俺はCDをケースから取り出し、近くにあったオーディオコンポで再生させる。

すると、アップテンポのかわいらしい曲とともに、美九の声が流れ始めた。

 

 

「あらあら、可愛らしい曲ですわね」

 

 

言って、狂三が指先で小さくリズムを取る。

 

俺は違和感を覚えた。

 

生歌とCDという違いはあるが、この美九の声は、今の美九の声のように妖しい魅力はない。

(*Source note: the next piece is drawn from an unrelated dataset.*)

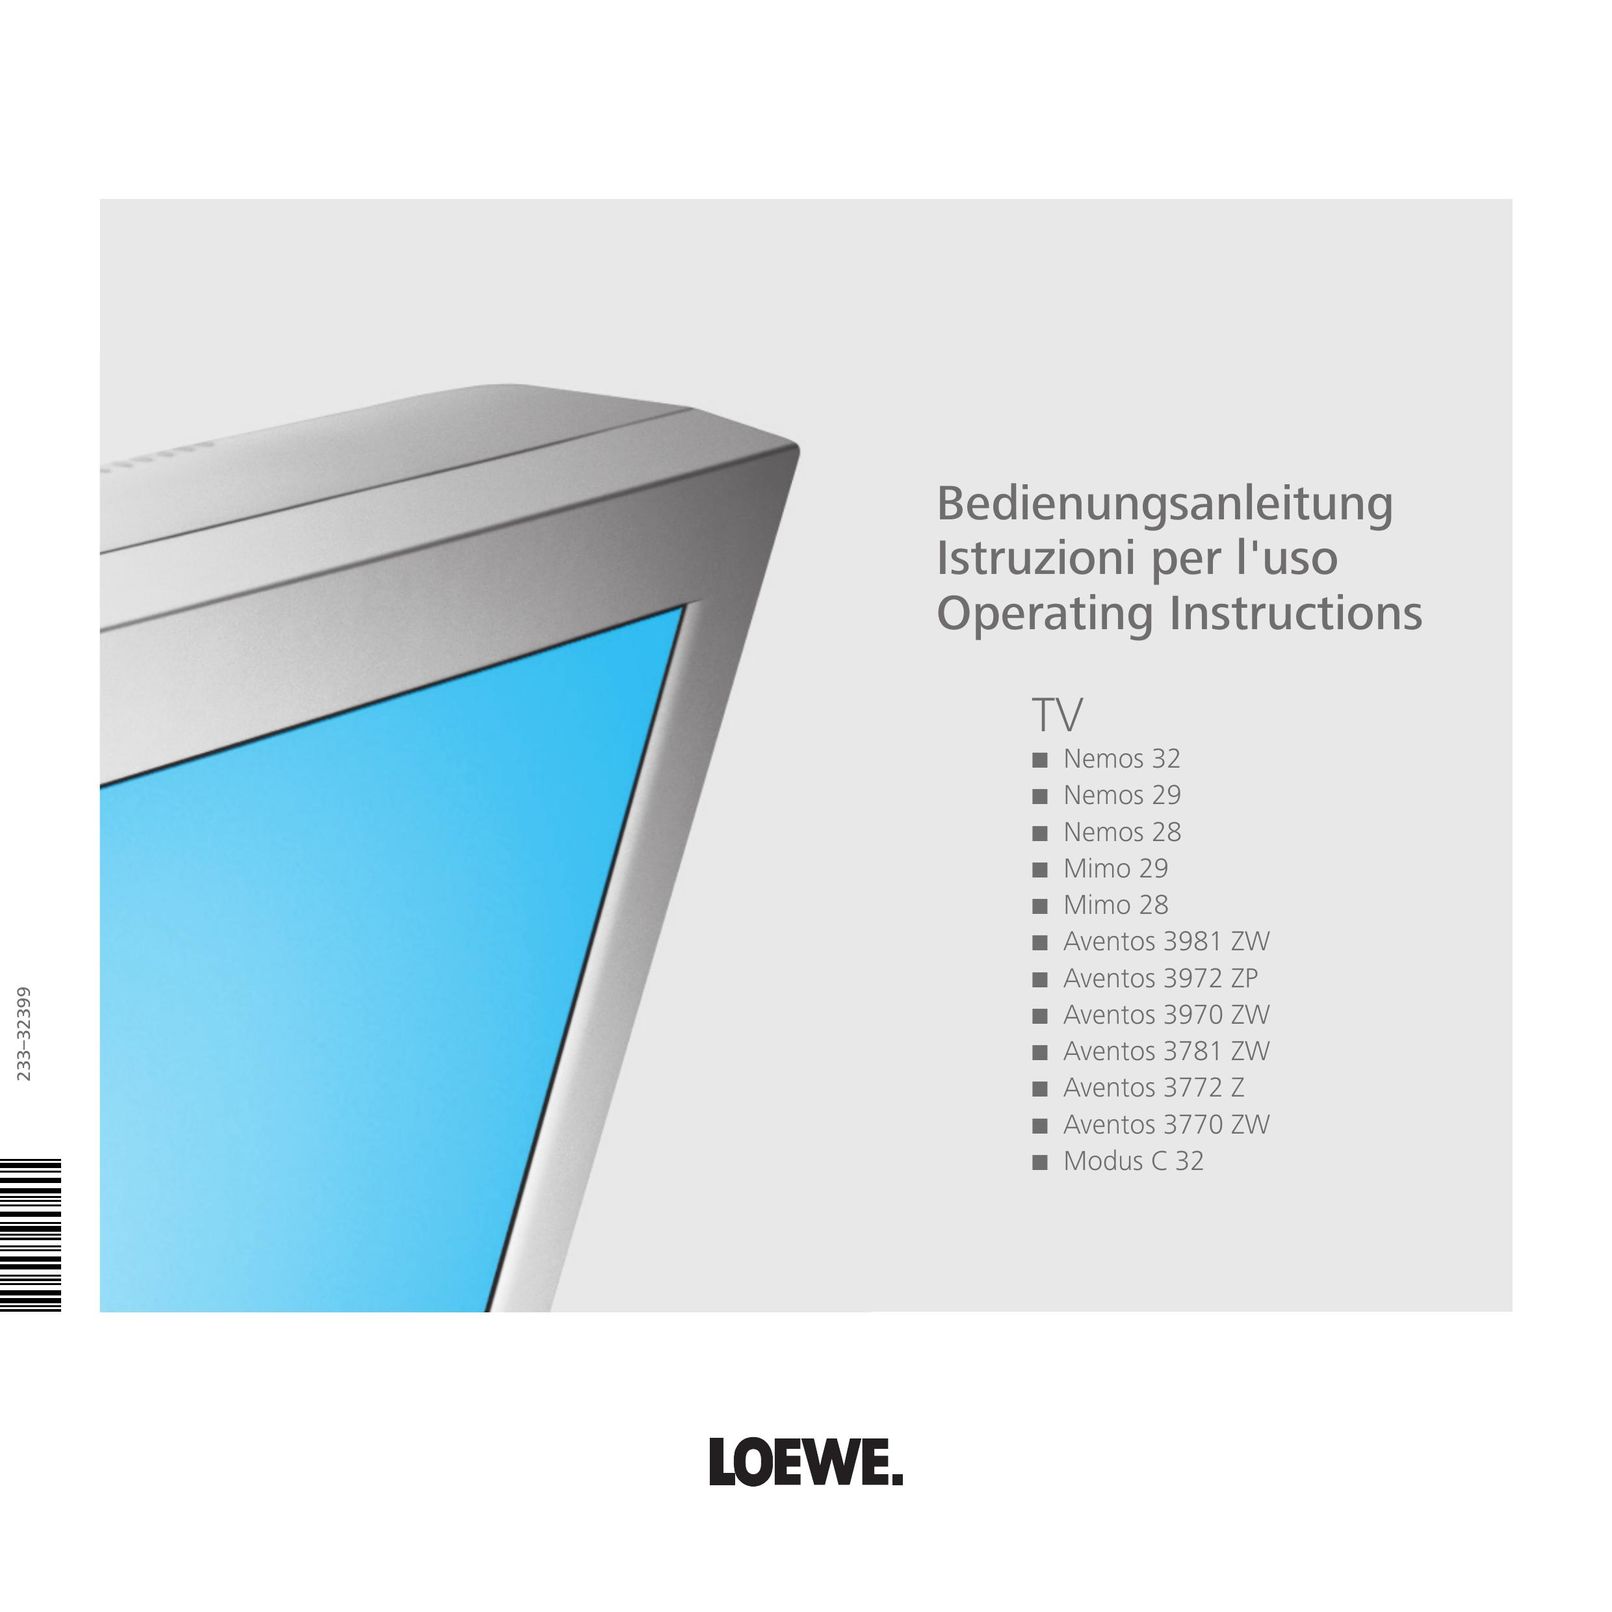 Loewe Aventos 3970 ZW Flat Panel Television User Manual

だがその代わりに、その歌には一生懸命なひたむきさに溢れていた。

そして聴く者を元気づけてくれるような不思議な魅力があった。

 

再び缶に視線を戻し、中に入っていたCDジャケットを見ていく。

すると、最奥に写真を発見した。

 

綺麗な写真立てに、一枚の写真が飾られていた。

 

俺はそれも見つめていた。

若干の違和感を覚えながら。

 

 

「面白そうなものがありましたわね。少し、お借りしますわ」

 

 

狂三は写真と残っていたCDを一枚重ねて片手で持つと、空いている方の手をバッと掲げる。

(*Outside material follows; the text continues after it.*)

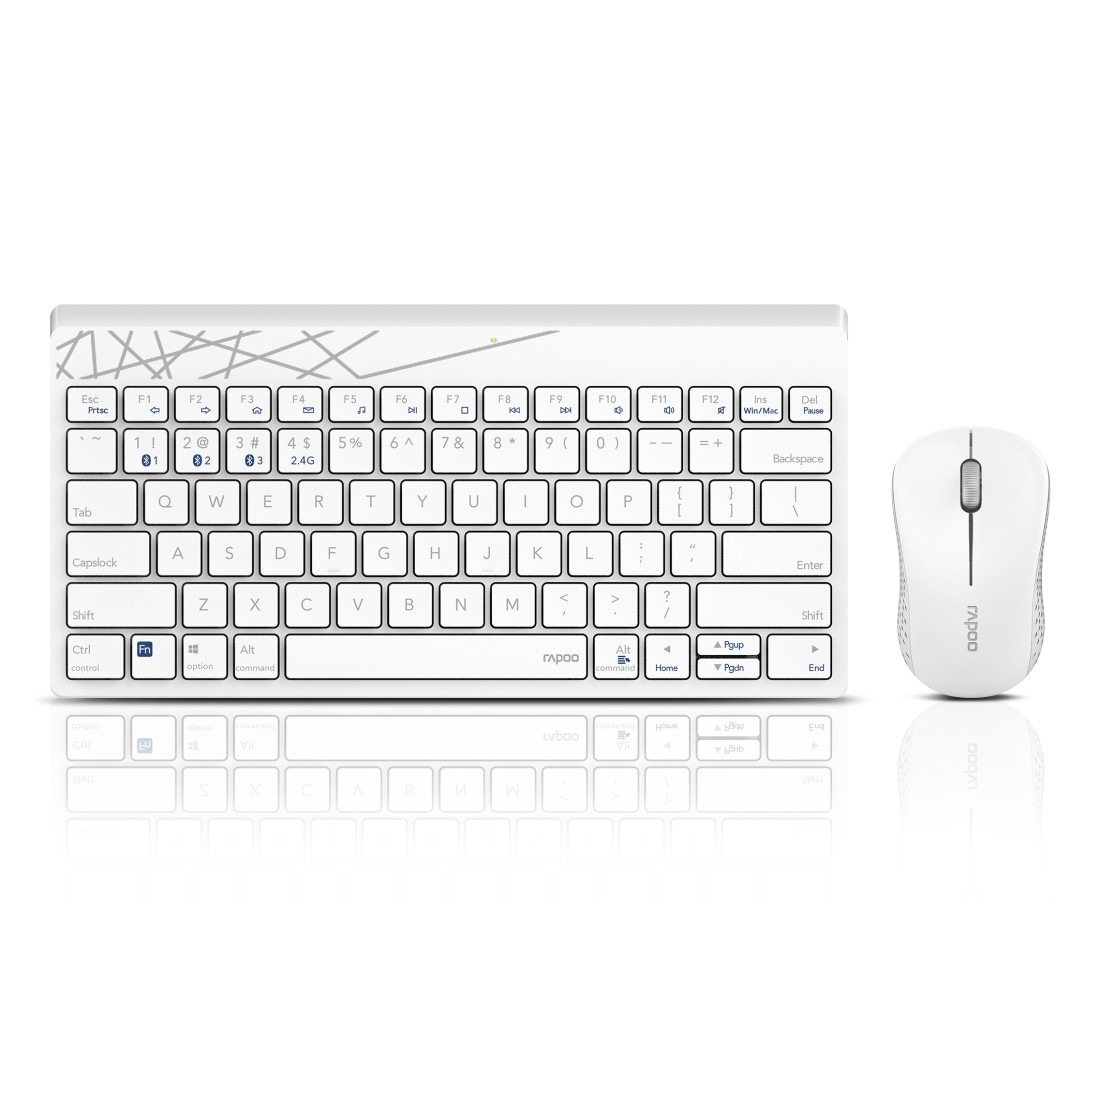 jetzt Tastatur-Maus-Set, Bluetooth, »8000M 1300 DPI« kaufen bei 2.4 kabelloses OTTO Maus-Set GHz, und Tastatur- Rapoo

すると、狂三の影から古式の短銃が飛び出してきて、狂三の手に収まった。

 

 

「〈刻々帝〉―――【一〇の弾】」

 

 

次いで狂三が言うと、影の一部に『Ⅹ』の紋様が輝き、そこから影が漏れ出すように滲んで、短銃の銃口に吸い込まれた。

 

そうしてkら狂三は、写真とCDを側頭部に触れさせ、それに向かって短銃を構えた。

まるで銃弾を、写真とCDですせ豪としているかのようだ。

そのまま躊躇いなく短銃の引き金を引いた。

銃弾はもちろん写真とCDを貫通し、狂三の頭に突き刺さる。

 

 

「なるほど―――そいういことでしたの。断片的ですけれど、彼女に覚えていた違和感の正体がわかりましたわ」

「あぁ……」

「あぁ、刃さんも何かしたんですの?」

 

 

狂三は俺が見栄を張っていると思っているのだろうか、笑っている。

俺が見栄を張るわけがないだろう。

 

 

「まぁな」

 

 

適当に返す。

本当は、《答えを出す程度の能力》で美九の過去に着いて調べただけだ。

最初からそうすればよかった。

 

そんなことを考えているときだった。

 

窓ガラスが微かに揺れたかと思うと、すぐに外からすさまじい音が流れてきた。

 

だがそれは警報ではなかった。

音楽だ。

パイプオルガンで奏でたような荘厳な音と、聴く者を虜にするであろう美声によって紡がれた歌が街に響き始めた。

これは美九の仕業だ。

それにしても―――

 

うるさい。

 

流石にうるさい。

こんな大音量で流されては、名曲も形無しだ。

 

 

「あらあら、随分と派手にやってくれますわね」

 

 

狂三が可笑しそうに、しかしどこか気にさわるといった様子であごに指を当てる。

 

 

「―――狂三」

「は、はい!!」

 

 

狂三が驚きながらも、返事を返してきた。

どうしたのだろうか?

 

 

「行くぞ。あの歌姫を迎えにな」

「よ、喜んで!!」

 

 

狂三はそう言うと、スカートのすそを摘み上げた。